Accessing Cloud Data
Also available as:
PDF
loading table of contents...

Configure Access to GCS from Your Cluster

After obtaining the service account key, perform these steps on your cluster. The steps below assume that your service account key is called google-access-key.json. If you chose a different name, make sure to update the commands accordingly.

Steps

  1. Place the service account key on all nodes of the clusters.

    Note the following about the location where to place file:

    • Make sure to use an absolute path such as /etc/hadoop/conf/google-access-key.json (where google-access-key.json is your JSON key).

    • The path must be the same on all nodes.

    • In a single-user cluster, /etc/hadoop/conf/google-access-key.json is appropriate. Permissions for the file should be set to 444.

    • If you need to use this option with a multi-user cluster, you should place this in the user's home directory: ${USER_HOME}/.credentials/storage.json. Permissions for the file should be set to 400.

    There are many ways to place the file on the hosts. For example you can create a `hosts` file listing all the hosts, one per line, and then run the following:

    for host in `cat hosts`;
    do scp -i <Path_to_ssh_private_key> google-access-key.json <Ssh_user>@$host:/etc/hadoop/conf/google-access-key.json;
    done

  2. In the Ambari web UI, set the following two properties under custom-core-site.

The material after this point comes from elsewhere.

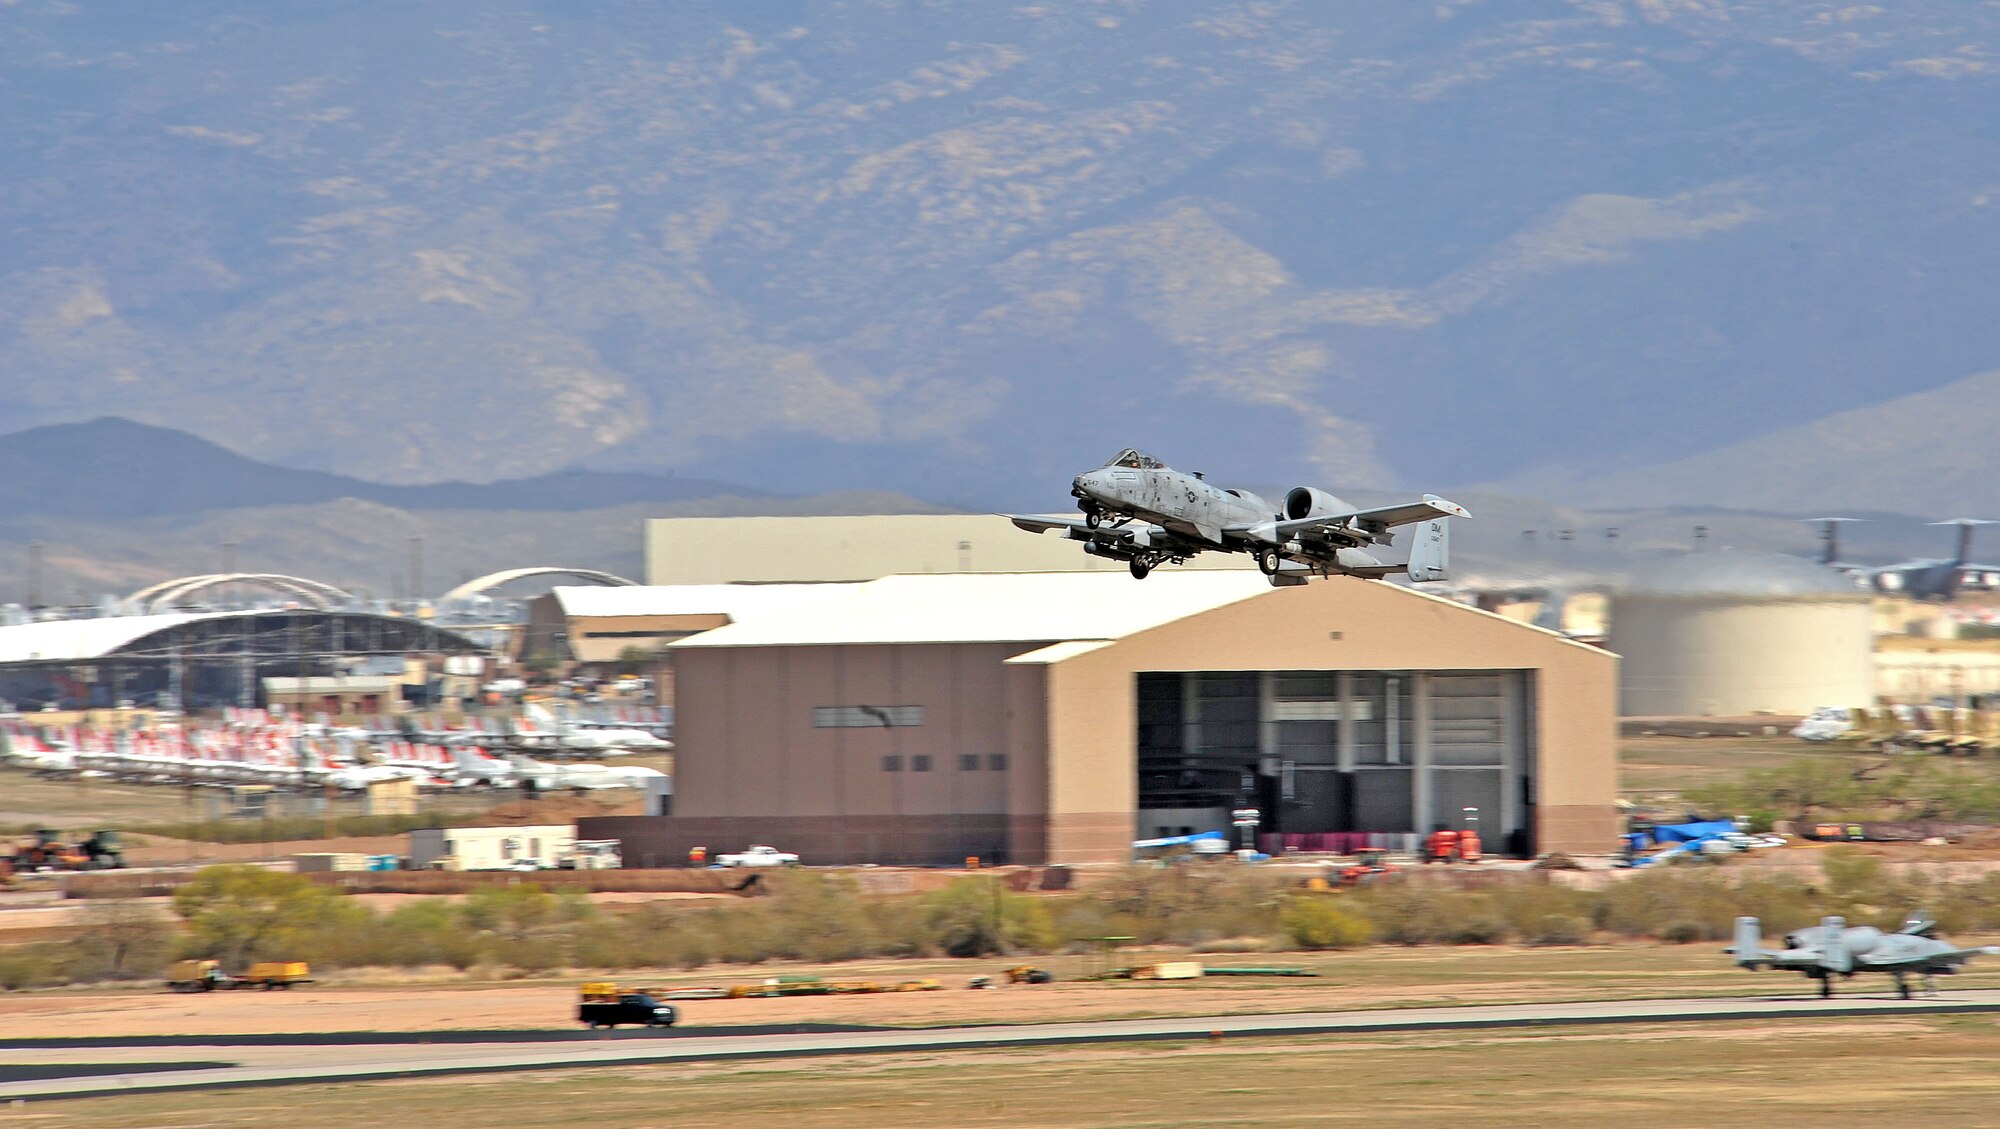 An A-10 Thunderbolt departs for a training mission at Davis-Monthan Air Force Base, Ariz., March 27, 2014. The A-10 is the first Air Force aircraft specially designed for close air support of ground forces. (U.S. Air Force photo by Senior Airman Josh Slavin/Released)

    To set these properties in the custom-core-site, navigate to HDFS > Configs > Custom core-site and click Add Property. The JSON and the p12 properties cannot be set at the same time.

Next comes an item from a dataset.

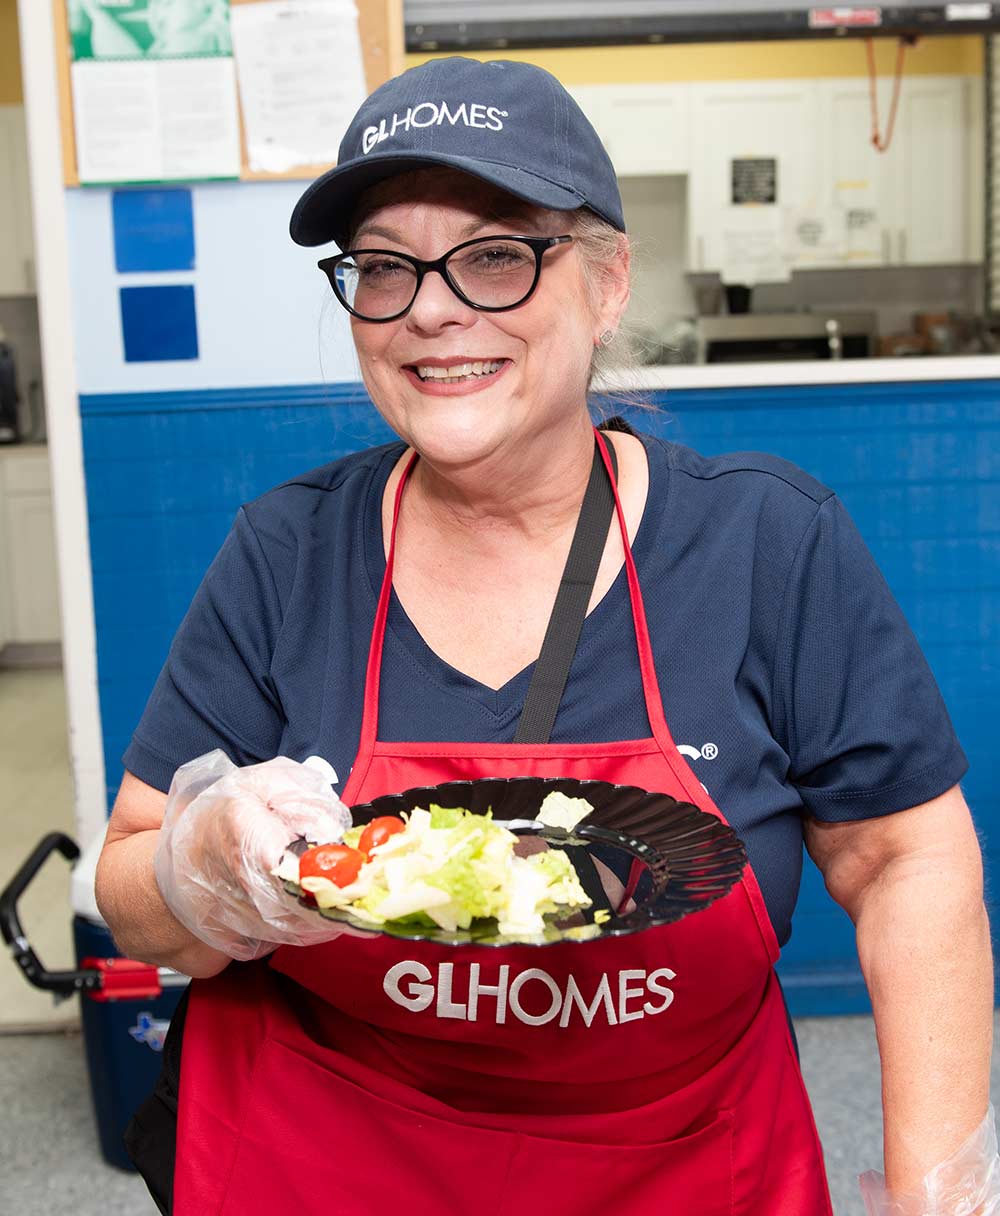 GL Homes employees volunteer to support the Boys & Girls Clubs kitchen staff.

    • If using a key in the JSON format (recommended), set the following properties:

      fs.gs.auth.service.account.json.keyfile=<Path-to-the-JSON-file>
      fs.gs.working.dir=/
      fs.gs.path.encoding=uri-path
      fs.gs.reported.permissions=777

    • If using a key in the P12 format, set the following properties:

      fs.gs.auth.service.account.email=<Your-Service-Account-email>
      fs.gs.auth.service.account.keyfile=<Path-to-the-p12-file>
      fs.gs.working.dir=/
      fs.gs.path.encoding=uri-path
      fs.gs.reported.permissions=777

      [Note]Note

      Setting fs.gs.working.dir configures the initial working directory of a GHFS instance. This should always be set to "/".

      Setting fs.gs.path.encoding sets the path encoding to be used, and allows for spaces in the filename. This should always be set to "uri-path".

      Setting fs.gs.reported.permissions sets permissions for file listings when using gs. The default 700 may end up being too restrictive for some processes performing file-based checks.

  3. Save the configuration change and restart affected services. Additionally - depending on what services you are using - you must restart other services that access cloud storage such as Spark Thrift Server, HiveServer2, and Hive Metastore; These will not be listed as affected by Ambari, but require a restart to pick up the configuration changes.

  4. Test access to the Google Cloud Storage bucket by running a few commands from any cluster node. For example, you can use the command listed below (replace “mytestbucket” with the name of your bucket):

    hadoop fs -ls gs://mytestbucket/

After performing these steps, you should be able to start working with the Google Cloud Storage bucket(s).